Effects of vegetation and soil moisture on the simulated land surface processes from the coupled WRF/Noah model

The coupled Weather Research and Forecasting (WRF) model with the Noah land surface model (Noah LSM) is an attempt of the modeling community to embody the complex interrelationship between land surface and atmosphere into numerical weather or climate prediction. This study describes coupled WRF/Noah model tests to evaluate the model sensitivity and improvement through vegetation fraction (Fg) parameterizations and soil moisture initialization. We utilized the 500 m 8‐day Moderate Resolution Imaging Spectroradiometer reflectance data to derive the model Fg parameter using two different methods: the linear and quadric methods. In addition, combining the Fg quadric method, we initialized soil moisture simulated by High‐Resolution Land Data Assimilation System, which has been developed for providing better soil moisture data in high spatial resolution by National Center for Atmospheric Research.
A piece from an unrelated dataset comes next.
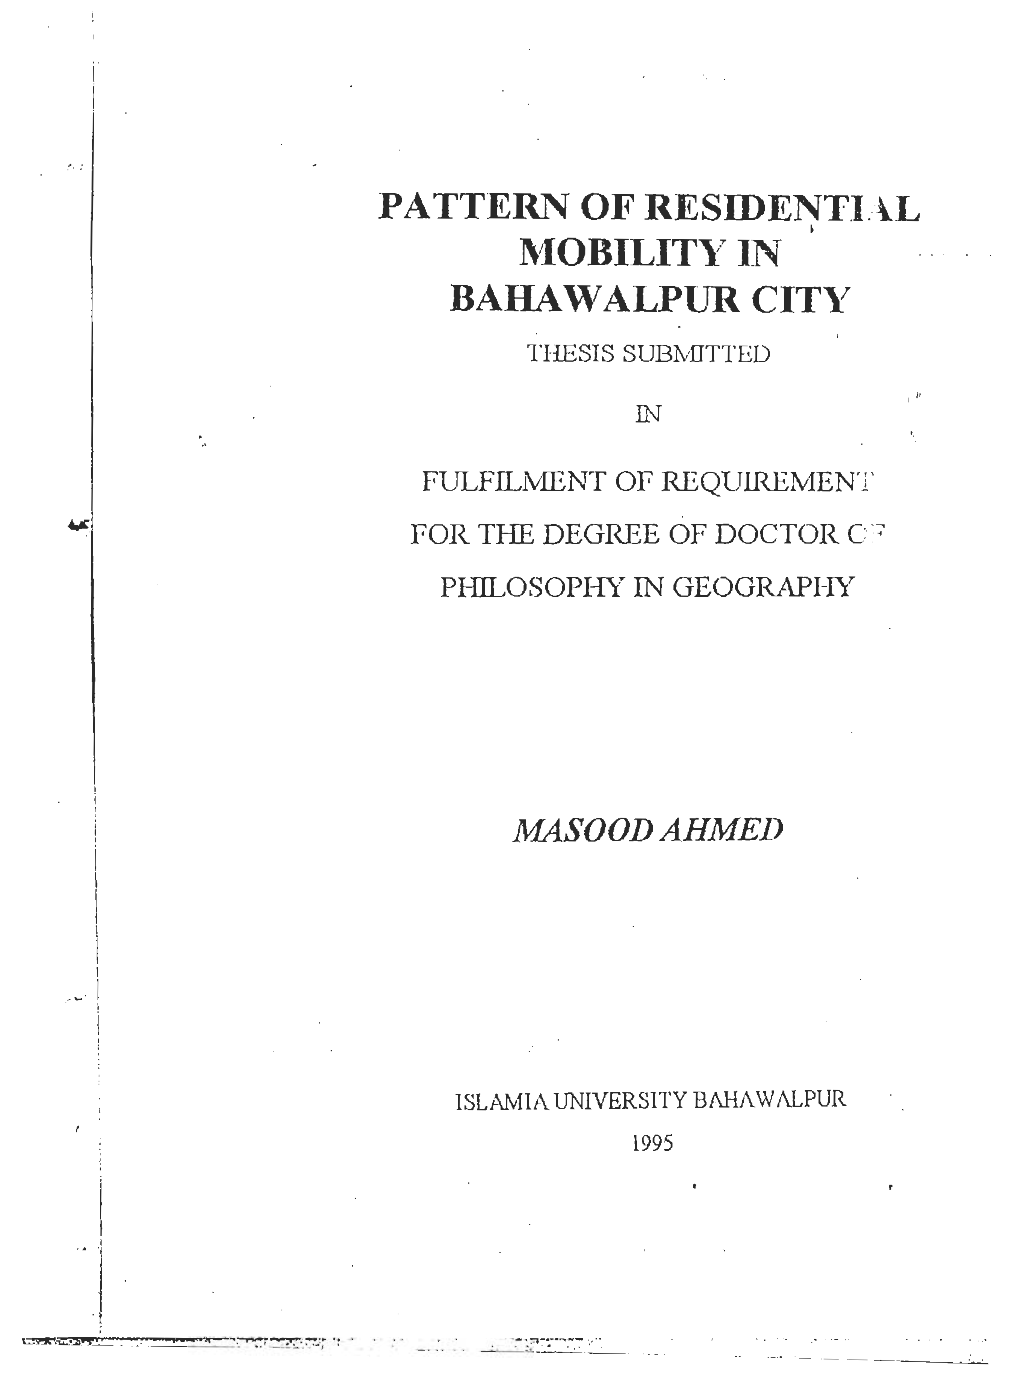 Bahawalpur City Thesis Submitted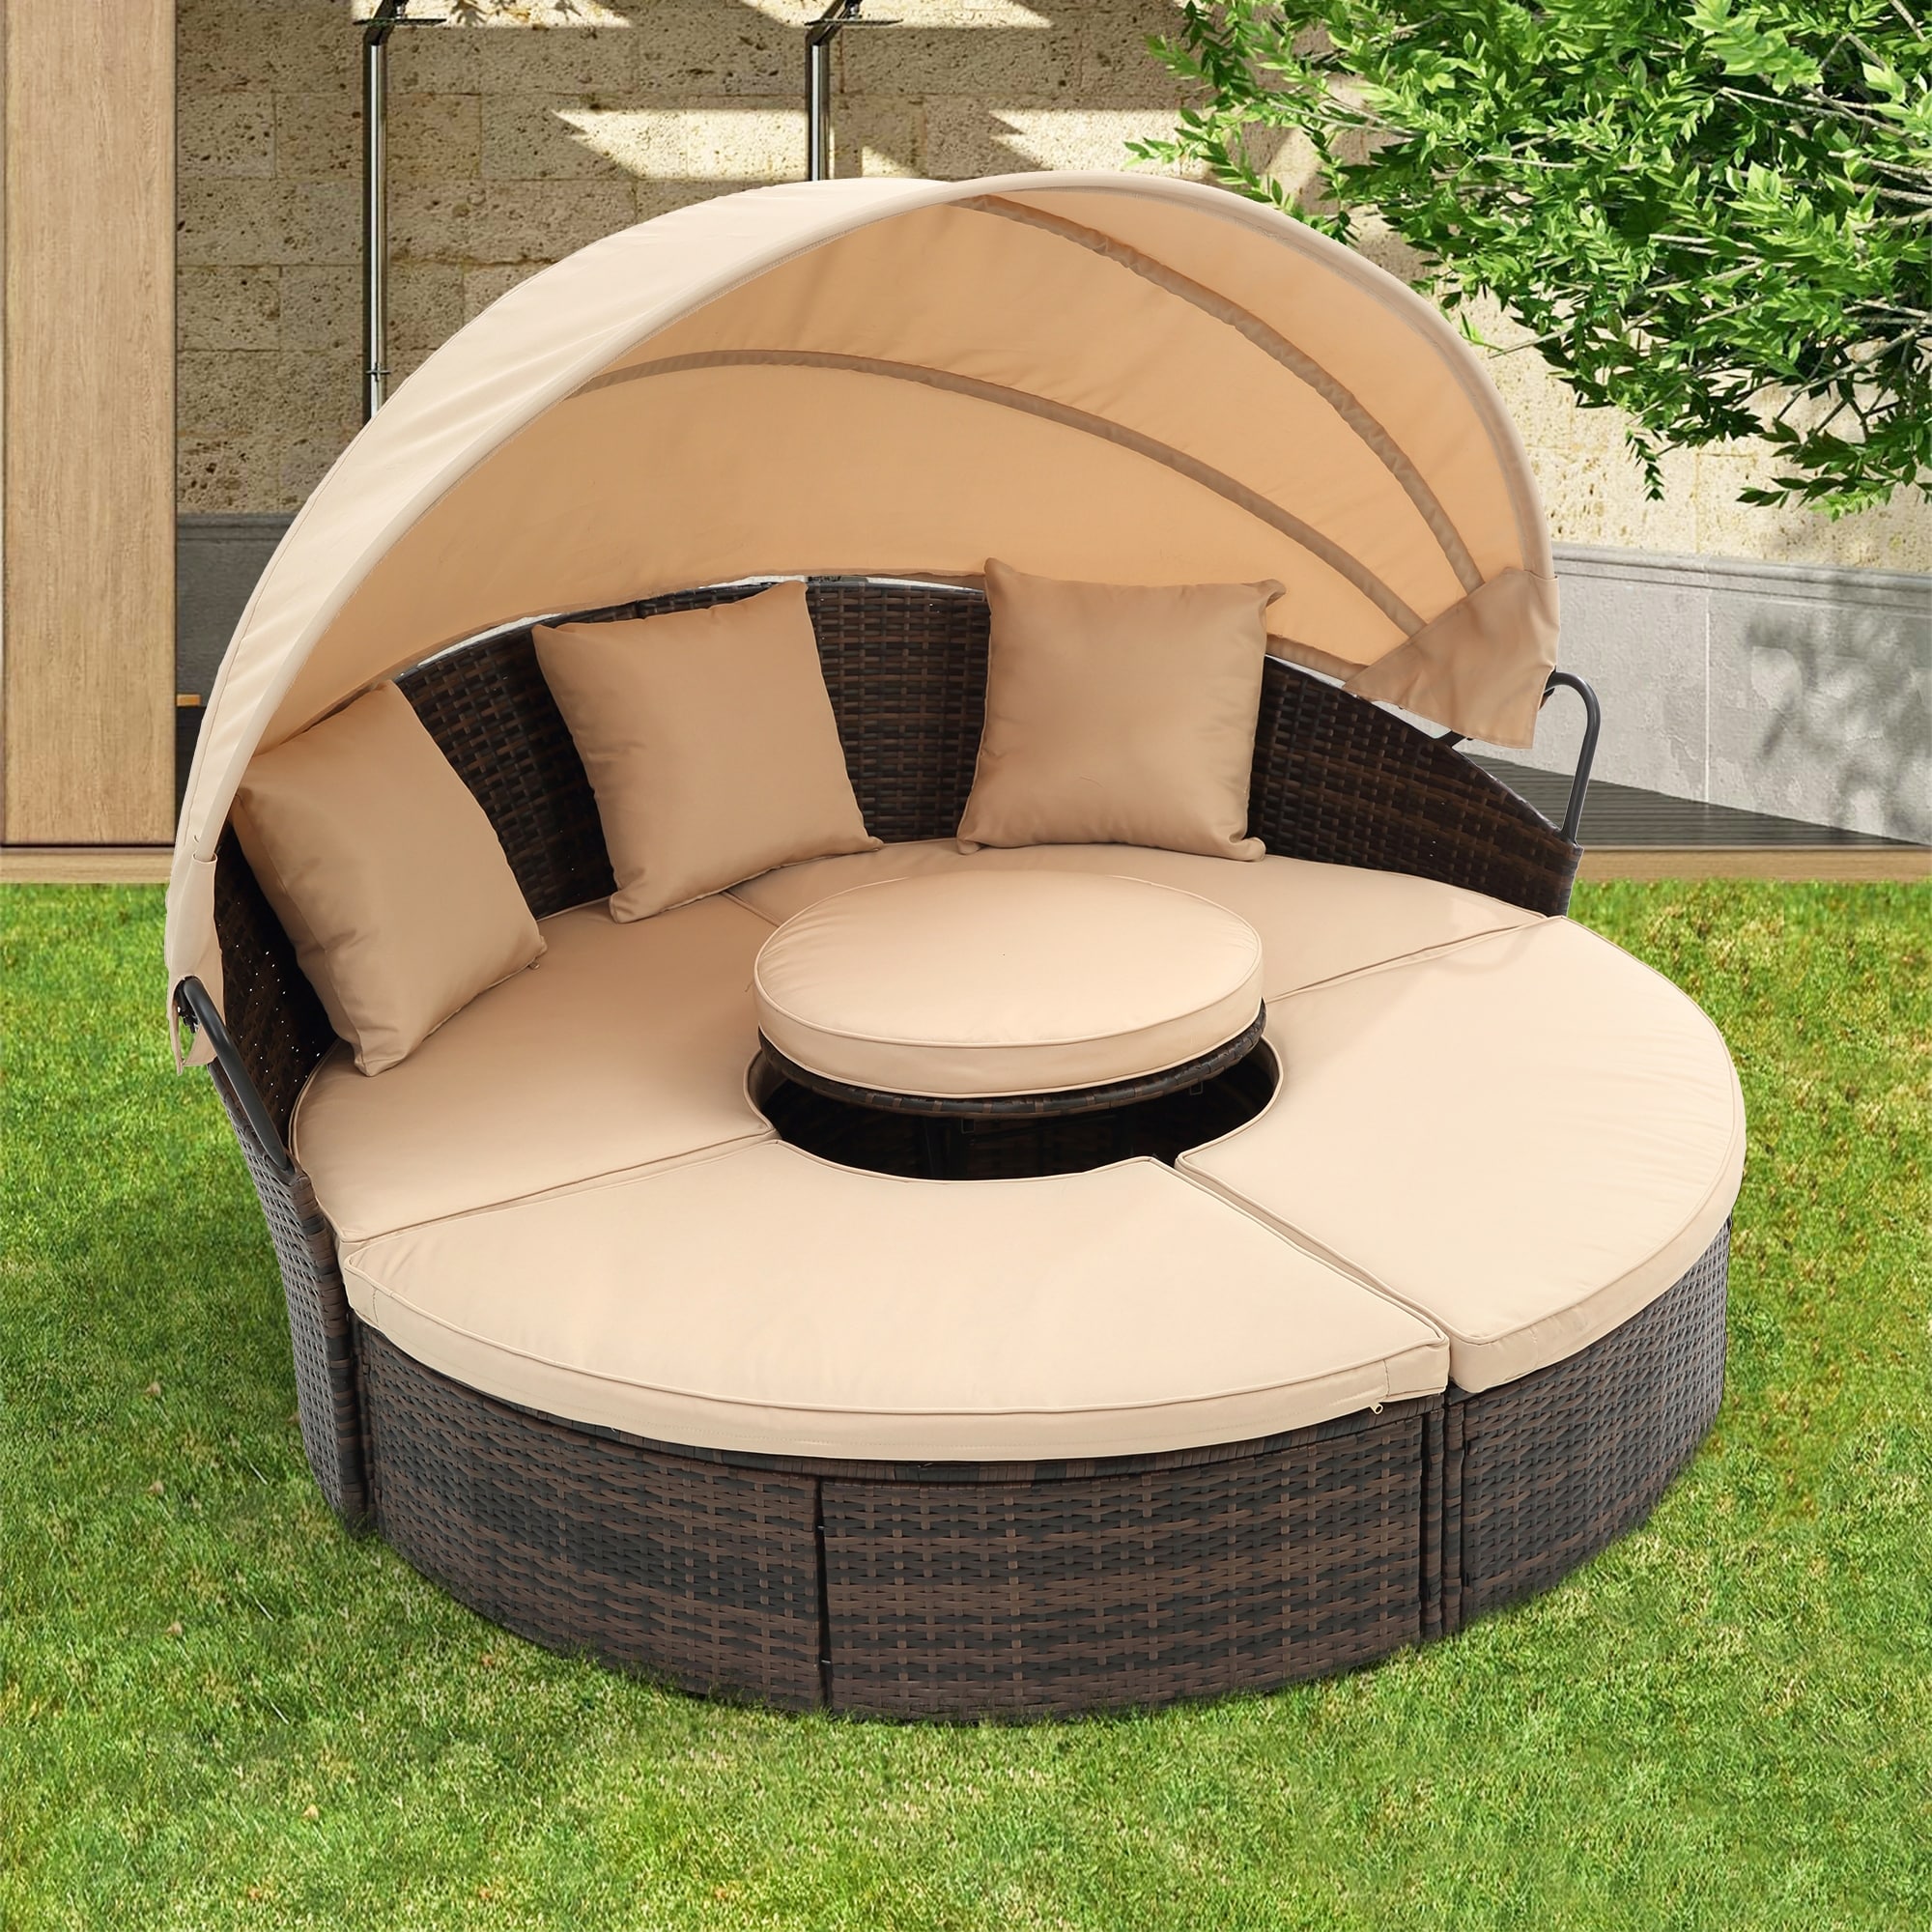 Beige Outdoor Rattan Round Lounge Sofa Bed With Canopy And Lift Coffee Table  With Removable Cushions And Pillows

We performed temporal comparisons of the simulated land surface variables: surface temperature (TS), sensible heat flux (SH), ground heat flux (GH), and latent heat flux (LH) to observed data during 2002 International H2O Project. Then these results were statistically validated with correlation coefficients and root mean square errors. The results indicate high sensitivity of the coupled model to vegetation fluctuations, showing overestimation of vegetation transpiration and very low variability of GH in highly vegetated area.